#### [Directions for this task]
Every line of the listing below must be printed again exactly, apart from its pictures.

#### [Given information]
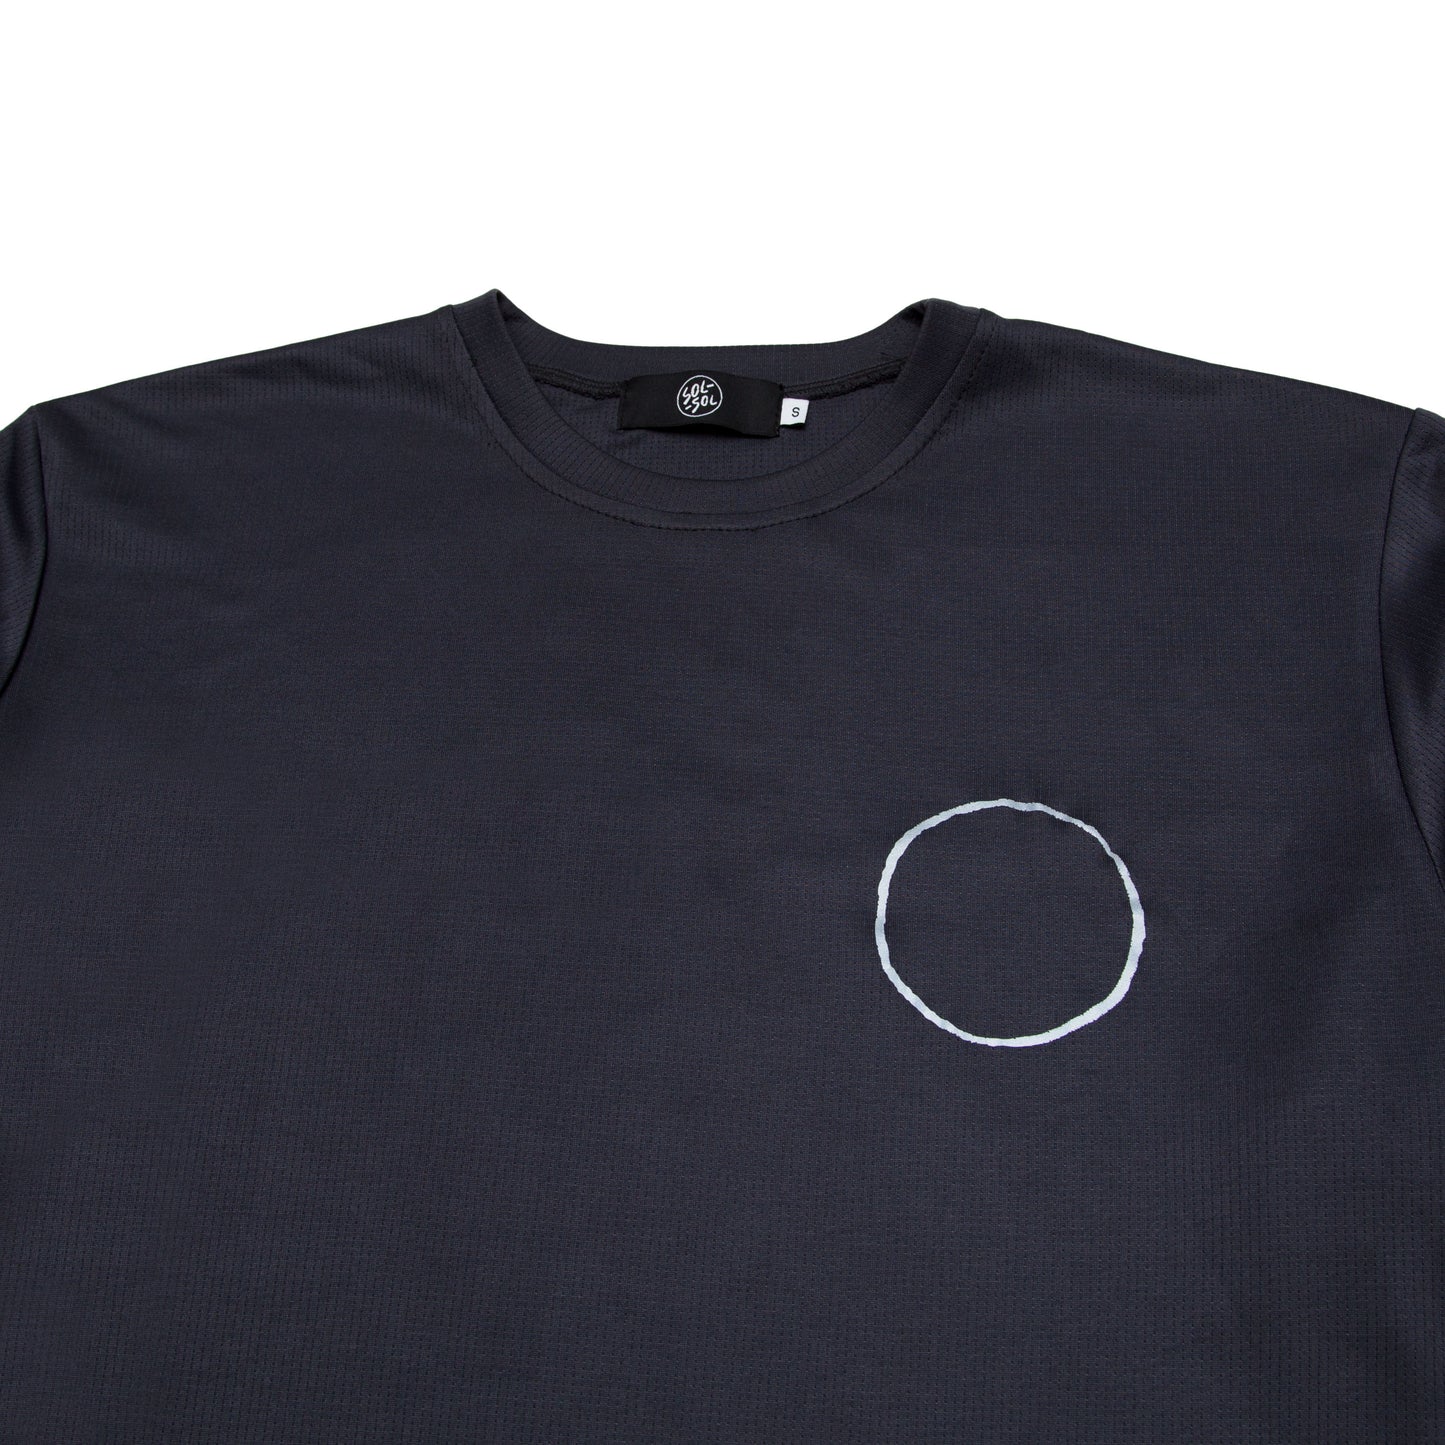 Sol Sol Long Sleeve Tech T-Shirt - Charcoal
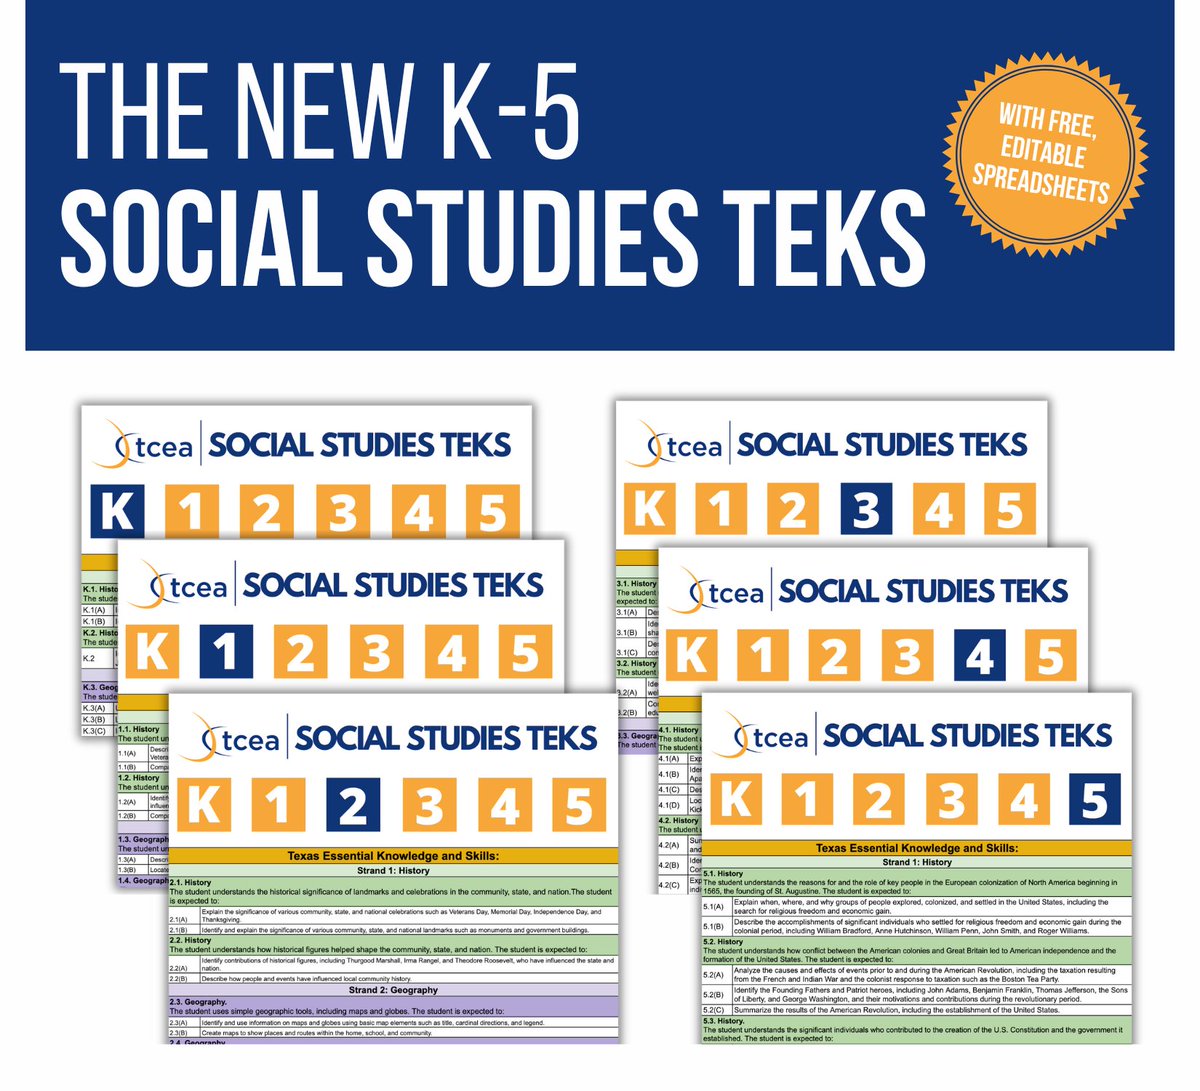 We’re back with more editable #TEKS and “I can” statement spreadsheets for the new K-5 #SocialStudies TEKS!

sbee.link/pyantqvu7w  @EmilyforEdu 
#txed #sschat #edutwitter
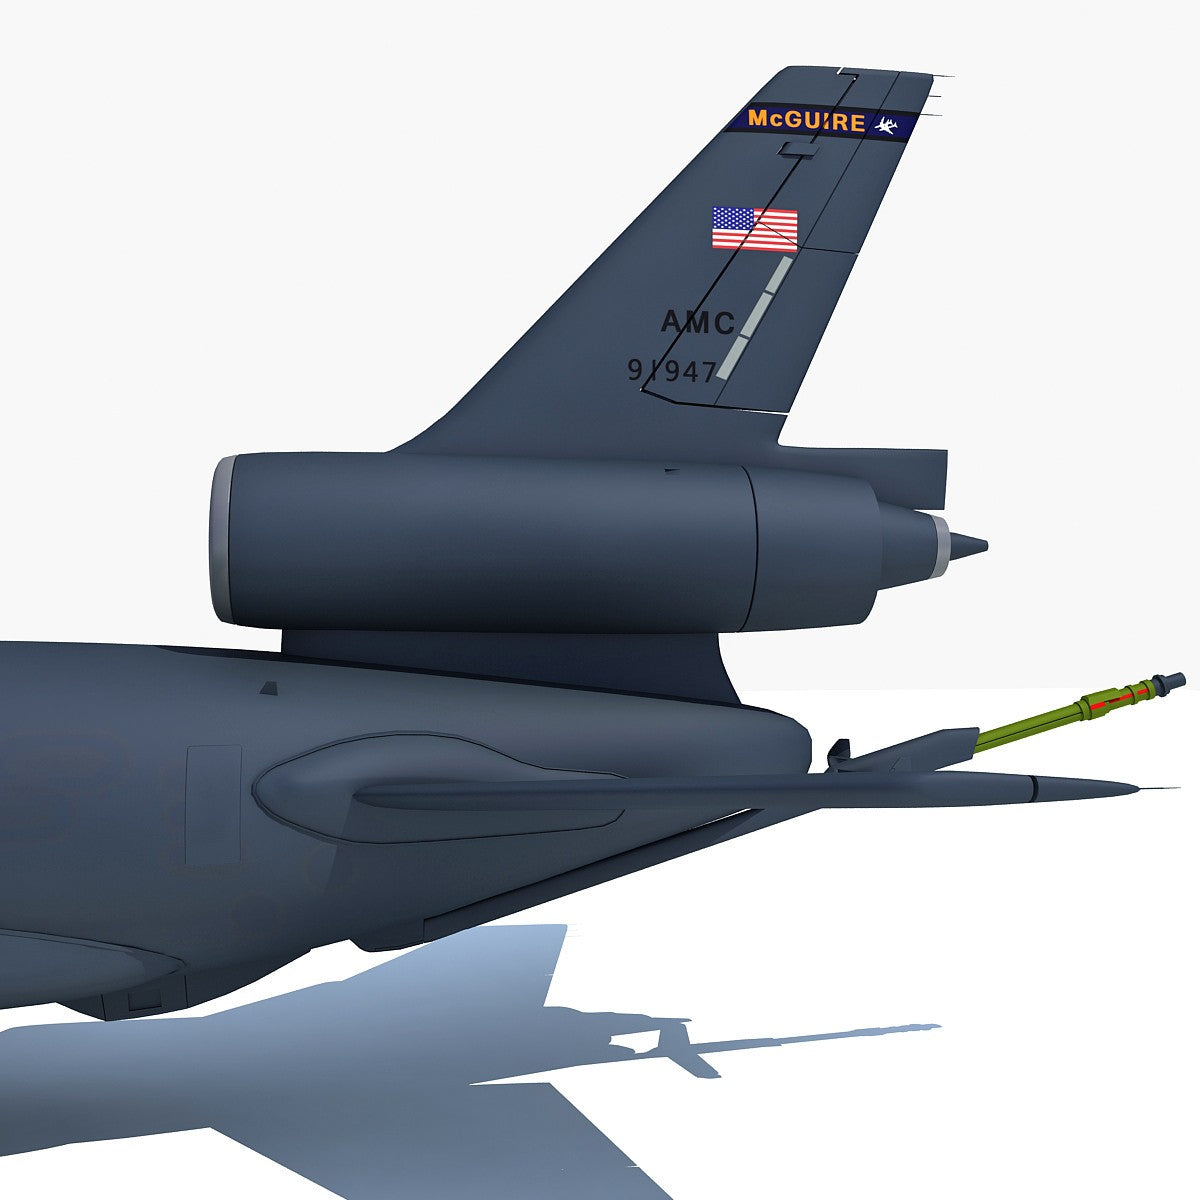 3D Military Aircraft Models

#### [Answer space]
 Sol Sol Long Sleeve Tech T-Shirt - Charcoal
 We’re back with more editable #TEKS and “I can” statement spreadsheets for the new K-5 #SocialStudies TEKS!

sbee.link/pyantqvu7w  @EmilyforEdu 
#txed #sschat #edutwitter
 3D Military Aircraft Models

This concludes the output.